Thursday, March 8, 2007

Exhaustion

It's been quite a trip back.

One one hand, it's easy to become overwhelmed by the scope of the suffering in this town. I have caught myself a few times just staring off into space as my mind attempts to get a handle on what really happened here. It's really hard to comprehend a statement like “Eighty percent of the city flooded.” Or to try and grasp the fact that 26,000 Successions need to be opened.

On the other hand, however, the only way progress is going to be made on any front here is for people to focus on the minutia. Do the task at hand and keep plugging away and maybe one day look up to find that things have improved. Because the entirety of the mess here is enough to make me want to throw my hands up in total abject resignation.

But the danger in that attitude is fairly apparent. As people insulate themselves from the larger crises in the region, simply to survive, they tend to lose perspective on the larger issues of change and progress that desperately need to be addressed.

Immediately after the storm, those of us who lived here at the time hoped with all our being that this destruction would give rise to a rebirth. An opportunity to correct the dangerous course this city had been on for decades.

Unfortunately, this renaissance has yet to come to be, even eighteen months after the storm. When I catch up with old friends who live here now, the question that is on everyone's lips is “Why?” Why haven't we made good on this opportunity. Why isn't the city thriving in a boom economy where massive construction projects supplement the returning tourism industry? Why are any plans for reformation fractured around neighborhoods and sometimes even individual homes?

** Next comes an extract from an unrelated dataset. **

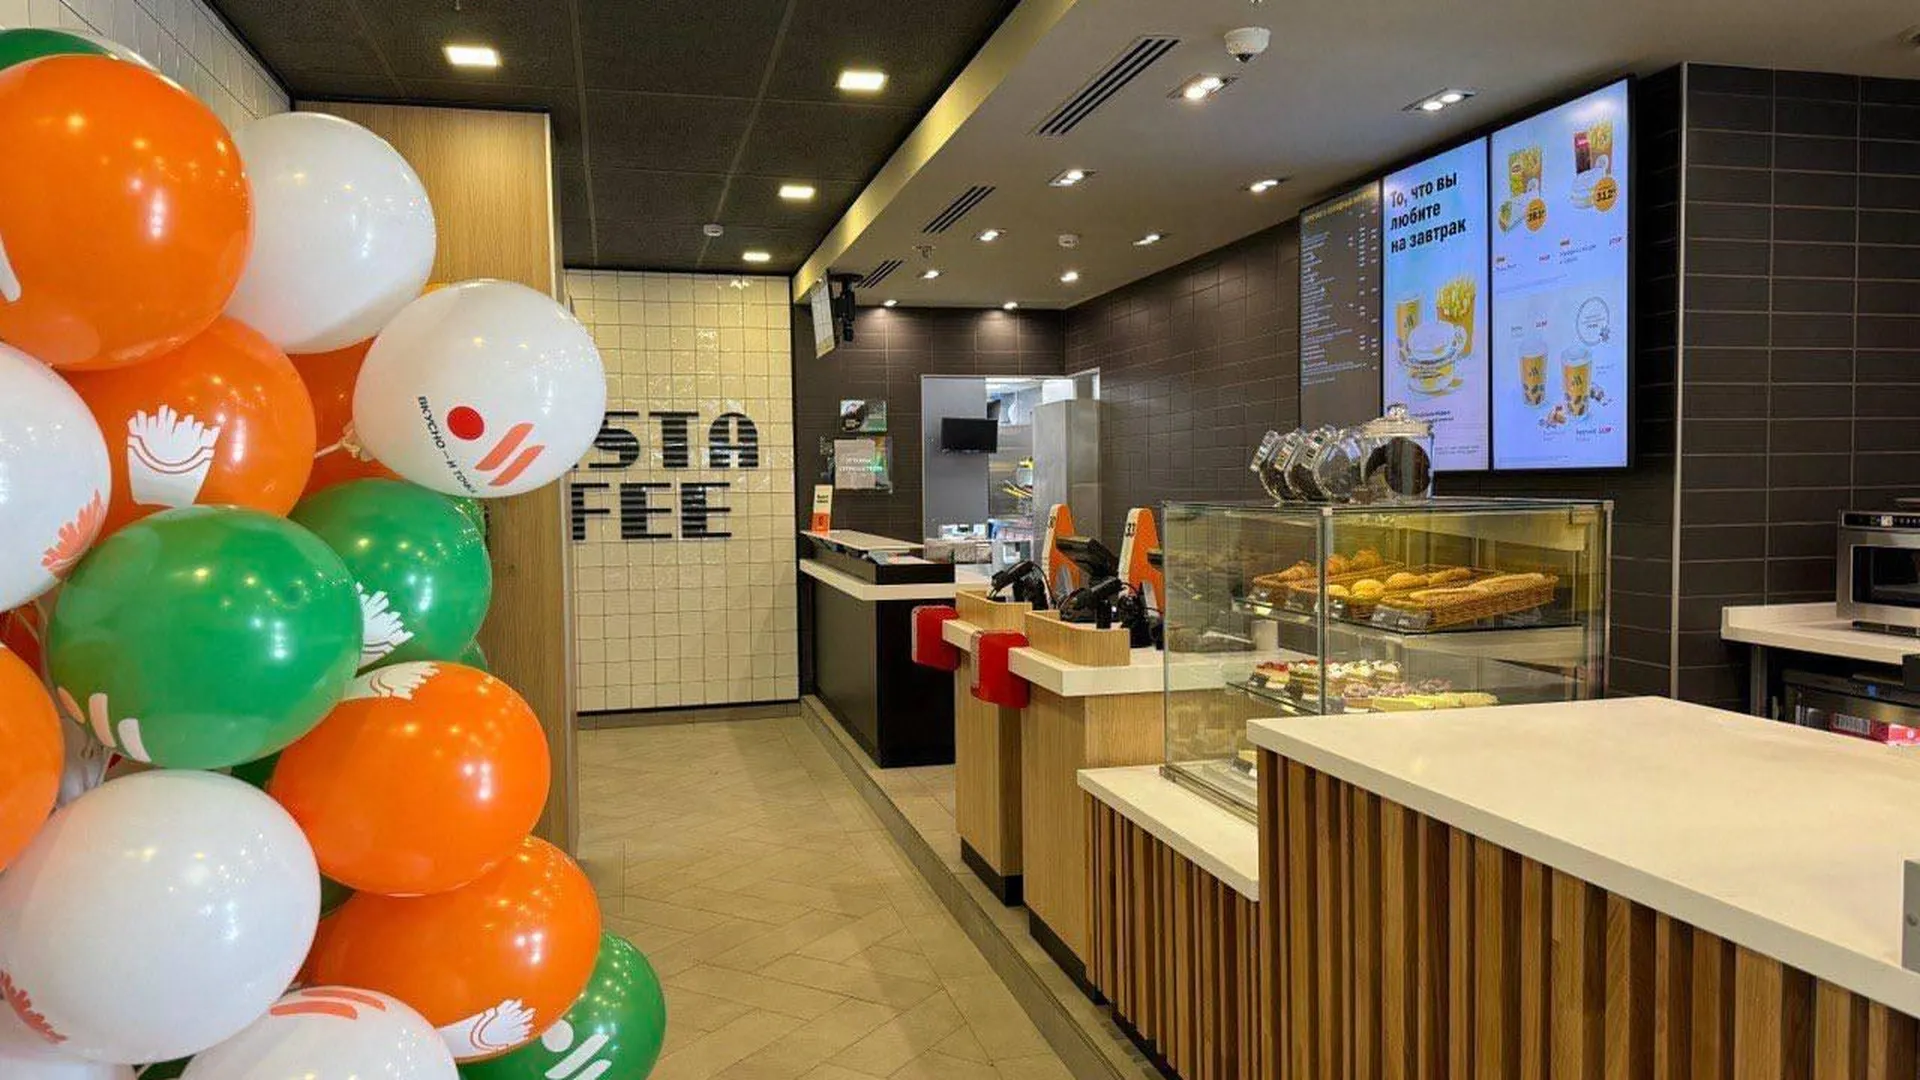 Новый ресторан популярной сети быстрого питания открылся в Московской области

The most compelling possible argument I've heard since we came down was that the people who are leading this city are not just normal politicians and administrators with a stable homelife. They are rebuilding their own homes in the evenings and on weekends. They have been through the same grinder as everyone who lived in New Orleans before the storm and is fortunate enough to be able to return. In many ways, everyday life here is very similar to combat duty. People work all day to make enough money to go home and work until they drop from exhaustion. And most of these people have been doing this for more than a year.

It's easy to see the flaws in the progress of the city. And the trauma suffered here will continue to affect the progress of this city for years to come in many different ways. But the fact that the people in charge are trying not just to rebuild a city but rebuild their own homes and lives will mean that a “Me first” attitude will predominate here for the foreseeable future.